Fernanda Romanholi Pinhati (UFRJ); Ramon Gomes da Silva (UFRJ); Renata Kelly Leite Passos (UFRJ); Ana Paula Rodrigues Tôrres (CENPES PETROBRAS); Vânia Maria Junqueira Santiago (CENPES PETROBRAS); Joab Trajano Silva (UFRJ); Vânia Margareth Flosi Paschoalin (UFRJ)

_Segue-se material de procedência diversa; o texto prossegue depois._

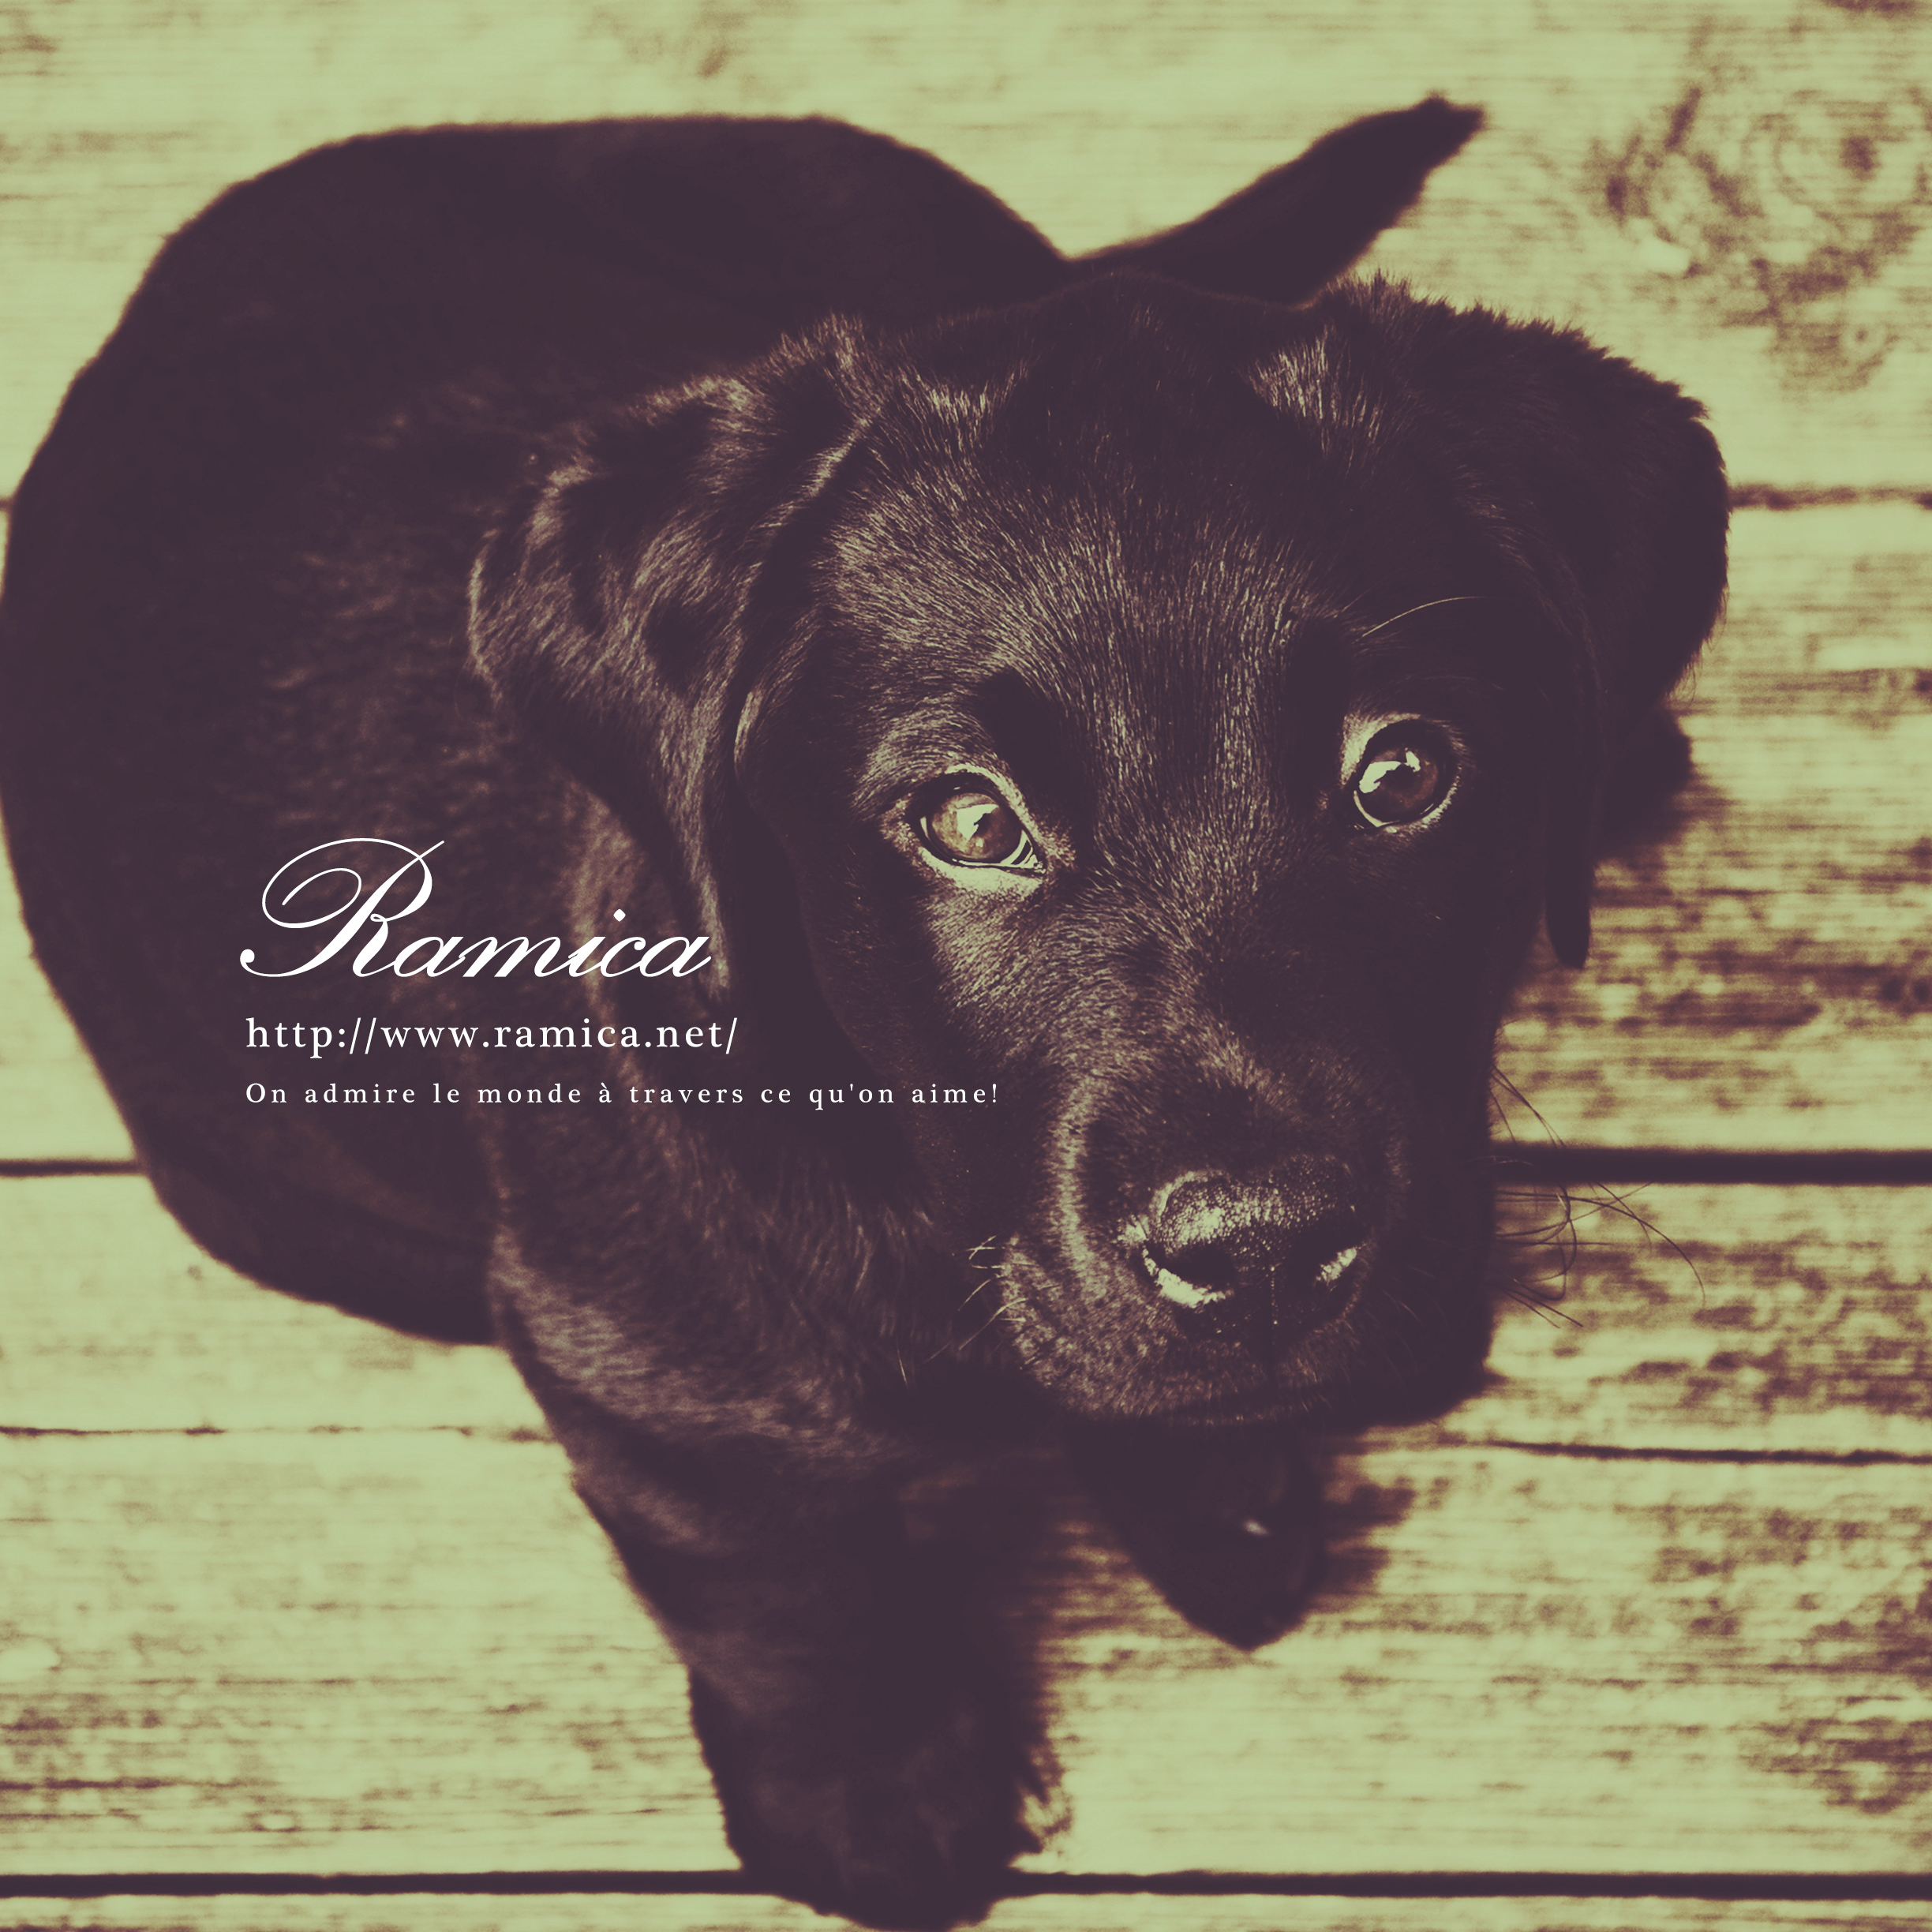 Ipad タブレット用無料壁紙ダウンロード 可愛い犬 ラブラドール Ramica

Atualmente, os maiores problemas de poluição referem-se aos efluentes industriais, como os de refinaria de petróleo, que apresentam composição heterogênea, contendo várias substâncias que podem ter efeitos adversos sobre os seres vivos. Entre os compostos encontrados nesses efluentes, pode-se destacar os hidrocarbonetos policíclicos aromáticos (HPAs), poluentes recalcitrantes com elevada toxicidade, geralmente descartados no meio ambiente como resultado do tratamento incompleto desses efluentes. Os genes responsáveis pelo mecanismo de degradação dos HPAs são frequentemente encontrados em plasmídeos, moléculas de DNA extracromossômica, com origem de replicação autônoma. Em um trabalho anterior, realizado em nosso laboratório, foram isoladas três linhagens de bactérias, a partir do lodo ativado, por cultivo em meios seletivos contendo apenas HPAs como única fonte de carbono. Estas linhagens foram classificadas pelo sequenciamento da região V3 do rDNA 16S como sendo diferentes espécies de bactérias do gênero Pseudomonas. O objetivo deste trabalho foi padronizar um protocolo de extração e purificação de DNA plasmidial utilizando gradiente de CsCl para analisar a informação genética necessária ao metabolismo dos HPAs. Inicialmente, a bactéria foi cultivada em meio LB e o DNA plasmidial foi extraído por lise alcalina com adição de lisozima (10mg/mL). O plasmídeo foi ressuspenso em tampão TE, ao qual foi adicionado CsCl (1,01g) e brometo de etídeo (10mg/mL). A solução foi transferida para tubo Quick Seal (Beckman) e ultracentrifugado a 60.000rpm por 24h (centrífuga Beckman modelo LK 90). A banda inferior de maior densidade, contendo o DNA plasmidial, visualizada por irradiação com lâmpada UV, foi recuperada por punção do tubo com agulha 18G, tratada com butanol e precipitada com etanol. A pureza da preparação foi confirmada por eletroforese em gel de agarose (0,7%), que mostrou que a preparação estava livre de vestígeos de DNA cromossomial e RNA. Os megaplasmídeos com tamanho molecular aparente superior a 23 kb serão caracterizados por análise de fragmento de restrição.CAPES/FAPERJ/PETROBRAS.